Nvidia boss Jensen Huang in 2017. -

Chiang Ying-ying / AP / SIPA

While all eyes are on TikTok, Nvidia surprised on Monday.

The graphics card giant, which has big ambitions on the AI ​​front, has announced that it will buy the leader in smartphone chips ARM from the Japanese group SoftBank for the tidy sum of 40 billion dollars.

This mega-acquisition is expected to be finalized by March 2022, subject to the approval of many regulatory authorities around the world, including the UK, who view the change in ownership of this national technological gem with suspicion.

The UK government has argued that it is aware of ARM's "vital role in the technology sector" and the economy in the UK.

He is studying this transaction “including its impact on Cambridge head office”, with the possibility of “taking appropriate action”.

One of ARM's co-founders, Hermann Hauser, said he was "extremely worried" about the company's passage under the American flag when it is "the last remaining in the United Kingdom with a position dominant in mobile telephony and microprocessors ”.

Endangered partnerships

The takeover would, according to him, only worsen the domination of American technology, as shown by the power of giants like Apple, Amazon or Facebook.

"The sale of ARM to Nvidia will destroy its business model: to be the" Switzerland of the microprocessor sector "by acting equally towards its 500 license holders, Mr. Hauser said in a letter to the Prime Minister.

However, "most of them are competitors of Nvidia" and several are British companies, notes Mr.
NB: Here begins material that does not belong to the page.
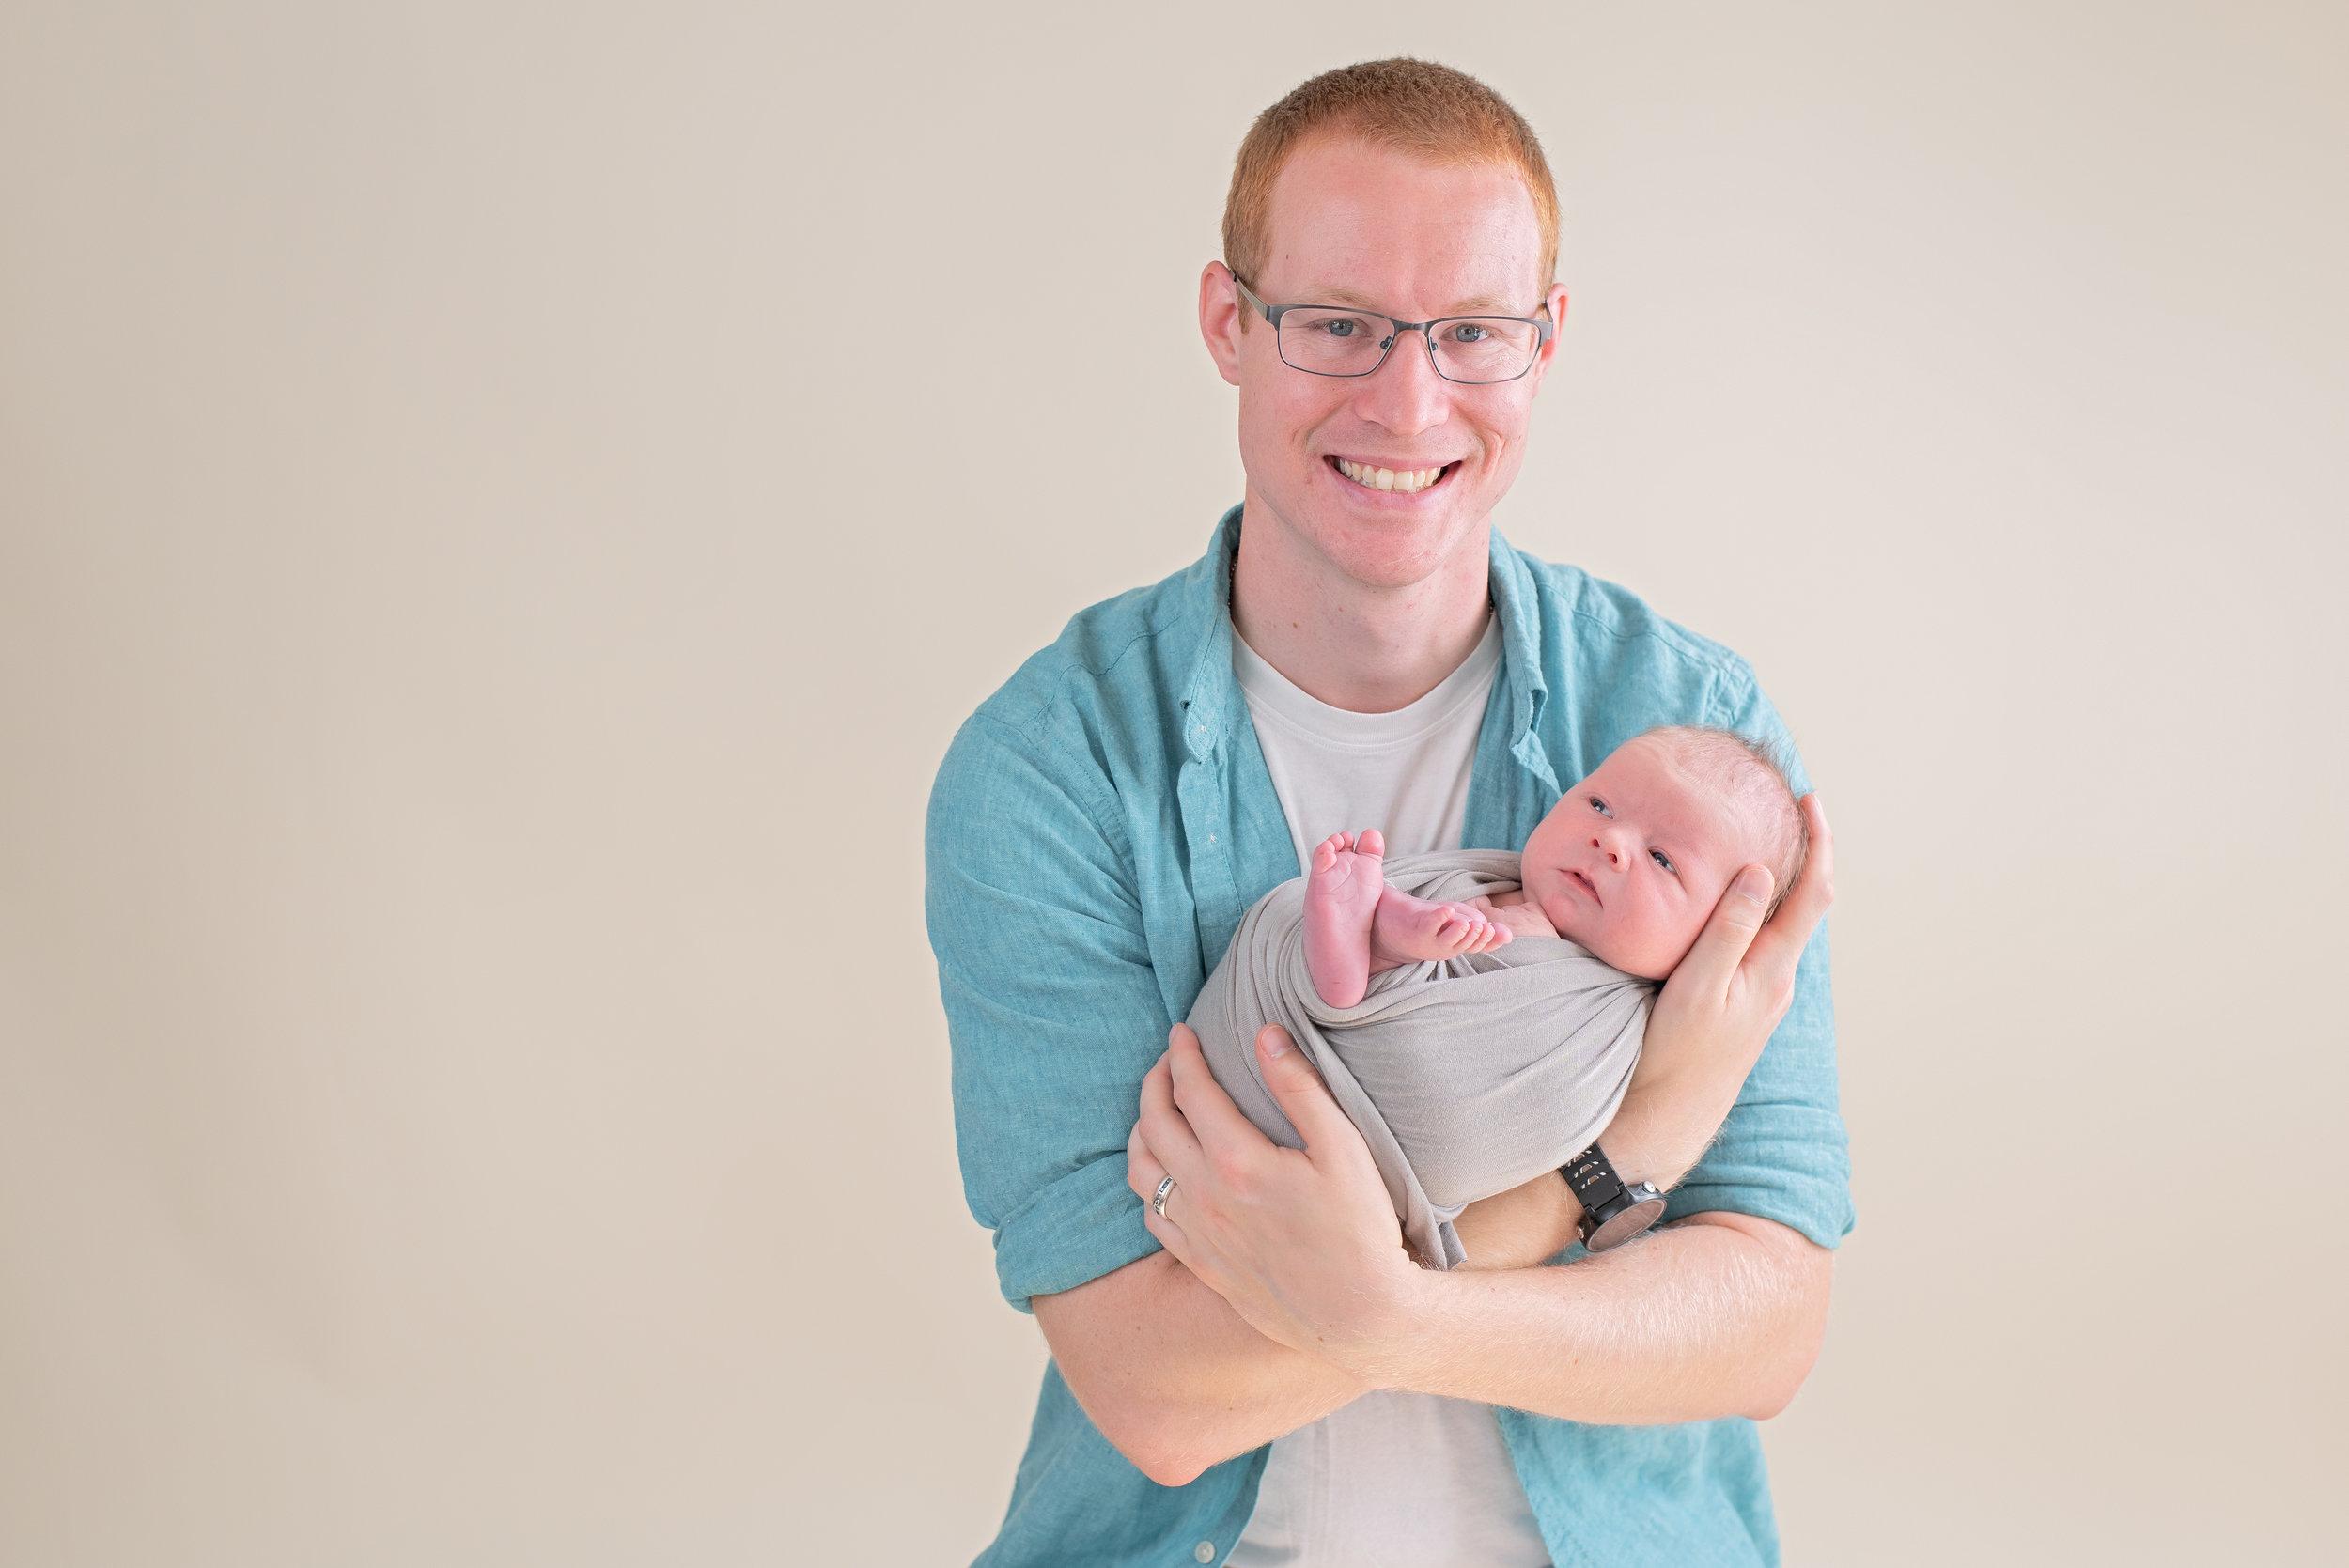 dad holding newborn pose

Hauser.

Without giving any guarantees on the 3,000 employees in the United Kingdom (out of 6,500 in the world), Nvidia promises to keep ARM's headquarters in Cambridge and wants to build an “artificial intelligence supercomputer” as well as its “hub”. European ”.

The boss of Nvidia, Jensen Huang, also assured in a letter to his employees that he would "maintain the neutrality" of ARM vis-à-vis its customers as well as its open license model.

Dazzling rise

Founded in 1990 in England, ARM is a microprocessor specialist with an overwhelming global market share in smartphones (95%).

But its chips, manufactured under license, are also found in countless sensors, connected objects and Cloud services (remote computing).

Nvidia is paying a high price to ramp up in artificial intelligence, connected objects and 5G, ARM's strengths.

It is one of the largest global mergers and acquisitions announced since the start of the year and one of the largest ever in the microprocessor sector, and which propels Nvidia to the rank of juggernaut in the sector.